Re: suspension: lesser // great apes?


Thanks Marc,
Very interesting. I don't suppose you have access to the whole paper?

-- "Does this suggest that early hominoids were more aquatic than arboreal??"

I've found some evidence to suggest that the earliest apes were perhaps predominantly semi-aquatic and it was the flooding of forests 25 Ma in East Africa due to early rifting that may have caused the monkey/ape split.


-----Original Message-----
From: <> On Behalf Of Marc Verhaegen
Sent: Saturday, March 12, 2022 12:28 AM
Subject: [AAT] suspension: lesser // great apes?

Phylogenetic analysis of Middle-Late Miocene apes Kelsey D Pugh 2022 J.hum.Evol.165, 103140 doi org/10.1016/j.jhevol.2021.103140

Despite intensive study, many aspects of the evolutionary history of Hominidae (gr.apes+humans) are not well understood.
The phylogenetic relationships of many fossil taxa remain poorly resolved.
This study aims to provide an updated hypothesis of phylogenetic relationships for Mid-Late-Miocene fossil apes, focusing on those taxa typically considered to be great apes.

The character matrix compiled here samples 274 characters from skull, dentition & post-cranium.
Multiple iterations were performed to examine the effects of ingroup taxon selection, outgroup constraints, treatment of continuous data, character partitions (cranio-dental, post-cranial) & missing data.
Parsimony & Bayesian methods were used to infer phylogenetic relationships.

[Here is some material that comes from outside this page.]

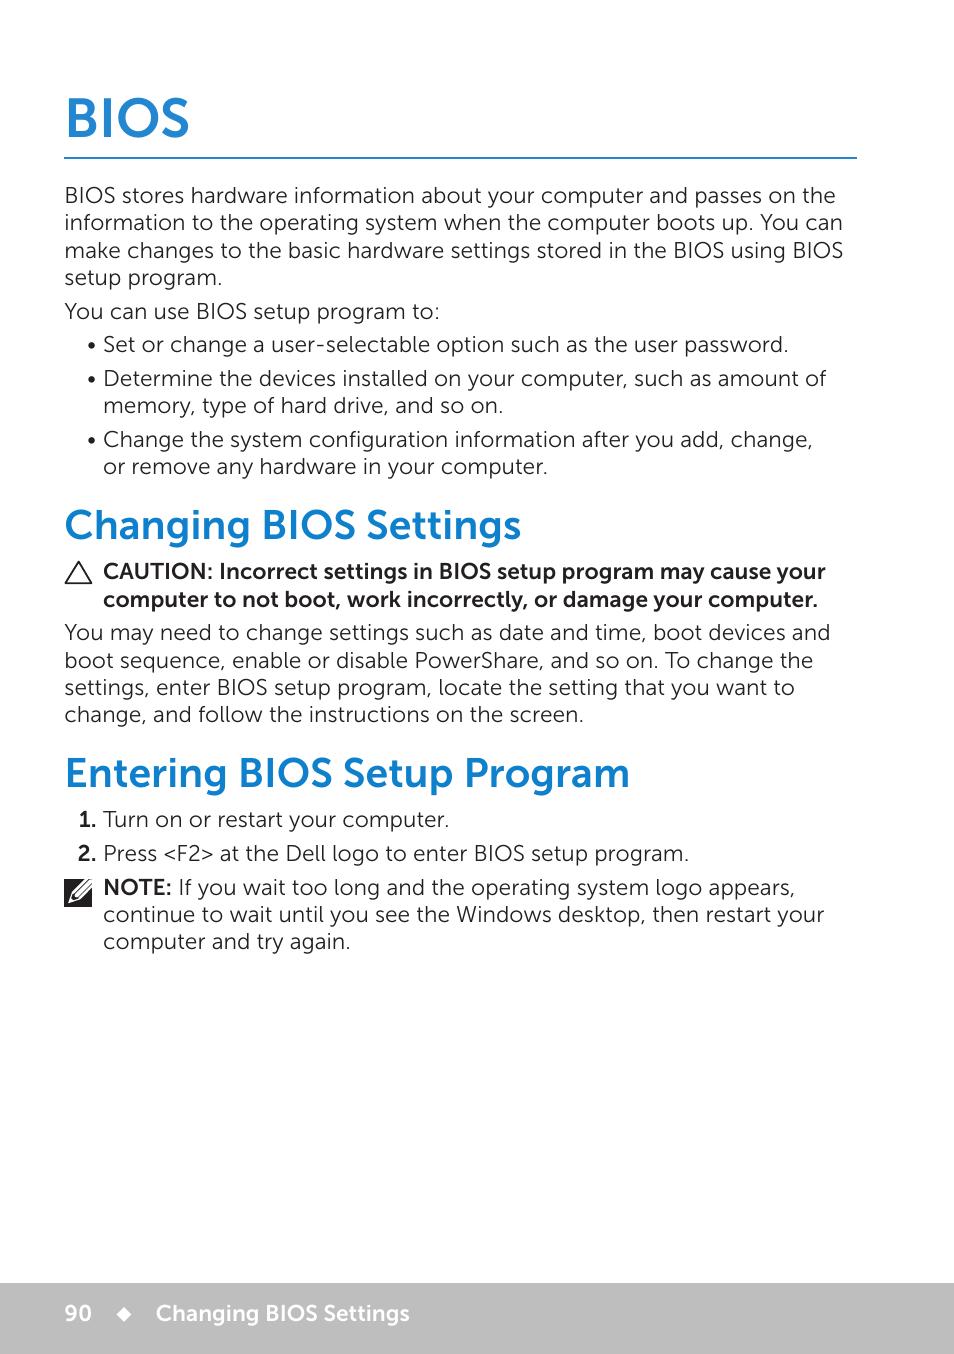 Bios, Changing bios settings, Entering bios setup program
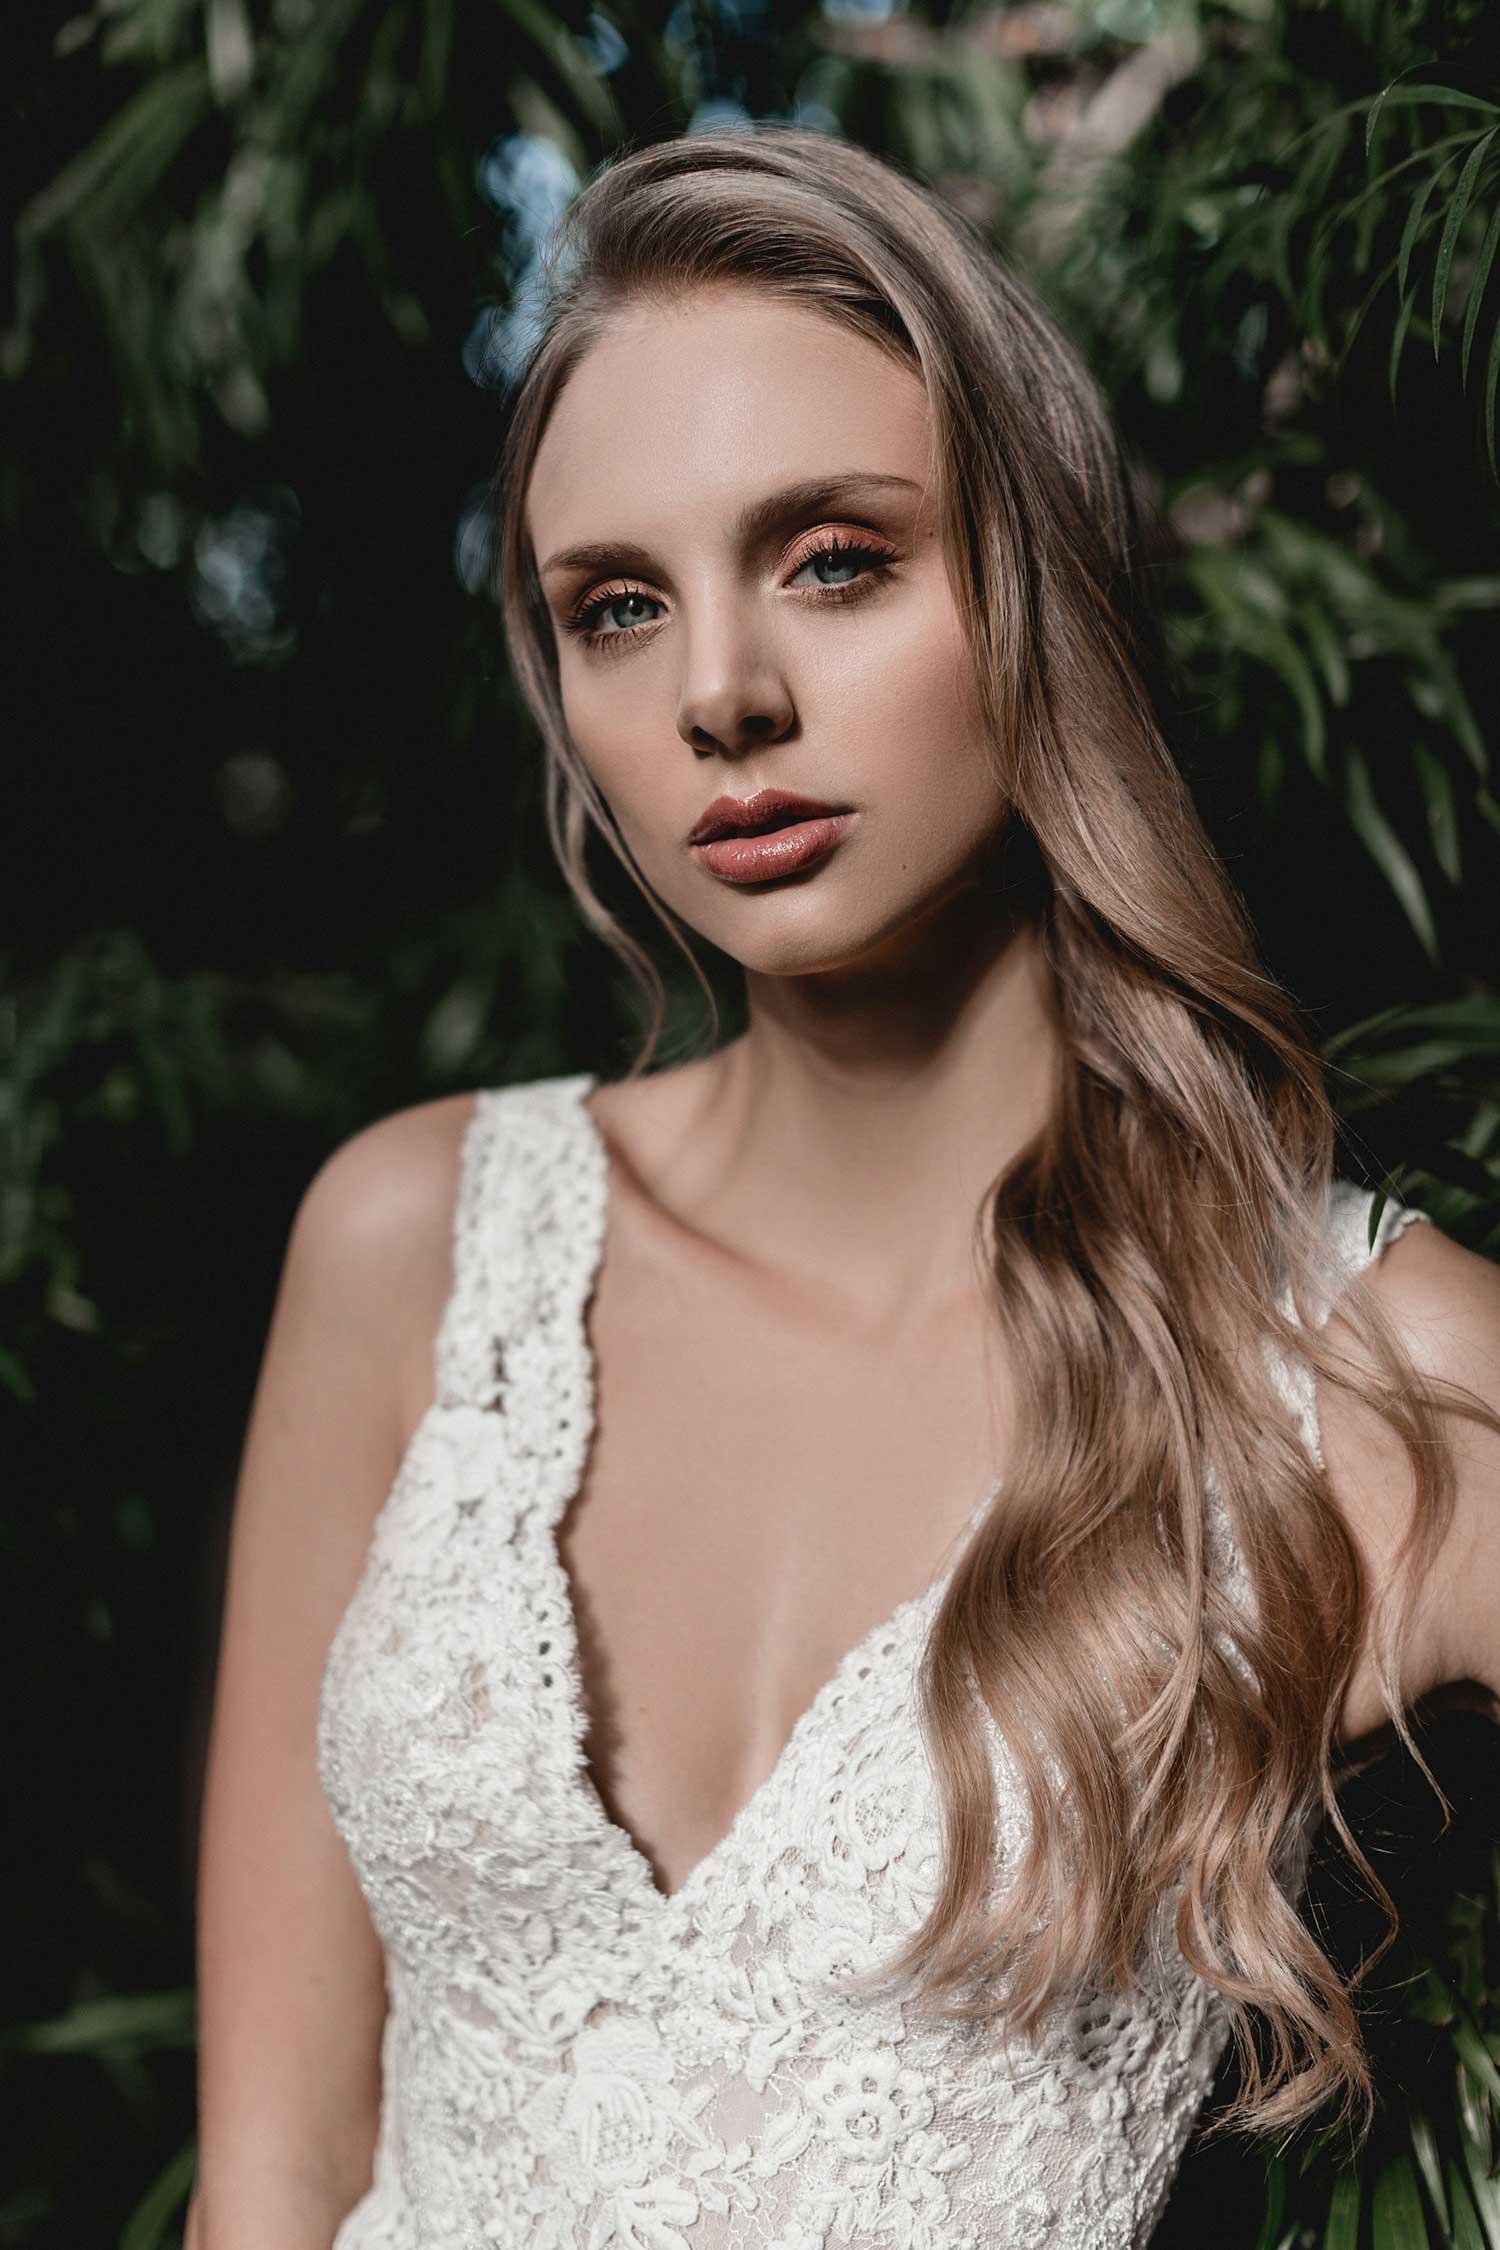 Beautiful portrait of the bridal model

Most European hominoids (Hispano-, Ruda-, Dryo-, Pierola-pithecus) are recovered as stem-hominids: not more closely related to Ponginae or to Homininae (Afr.apes-humans), but Ourano-, Graeco- & Nakalipithecus are inferred to be members of the hominine clade.
Asian fossil hominoids (except Lufengpith.hudienensis) are recovered as part of Ponginae.
Results suggest :
- Kenya- & Griphopithecus are possible stem-hominids,
- Equatorius & Nacholapithecus are consistently recovered as stem-hominoids,
- Oreo- & Samburupithecus are not recovered as hominids.

Results of Bayesian analyses differ from those of parsimony analyses.
Cranio-dental & post-cranial character partitions are incongruent in the placement of hylobatids:
did hylobatids & hominids independently evolve adaptations to suspensory positional behaviors?

An understanding of phylogenetic relationships is necessary to address many PA questions:
the updated hypothesis of phylogenetic relationships presented here can be used to gain a better understanding of
- important morphological transitions that took place during hominid evolution,
- ancestral morphotypes at key nodes,
- the bio-geography of the clade.


Does this suggest that early hominoids were more aquatic than arboreal??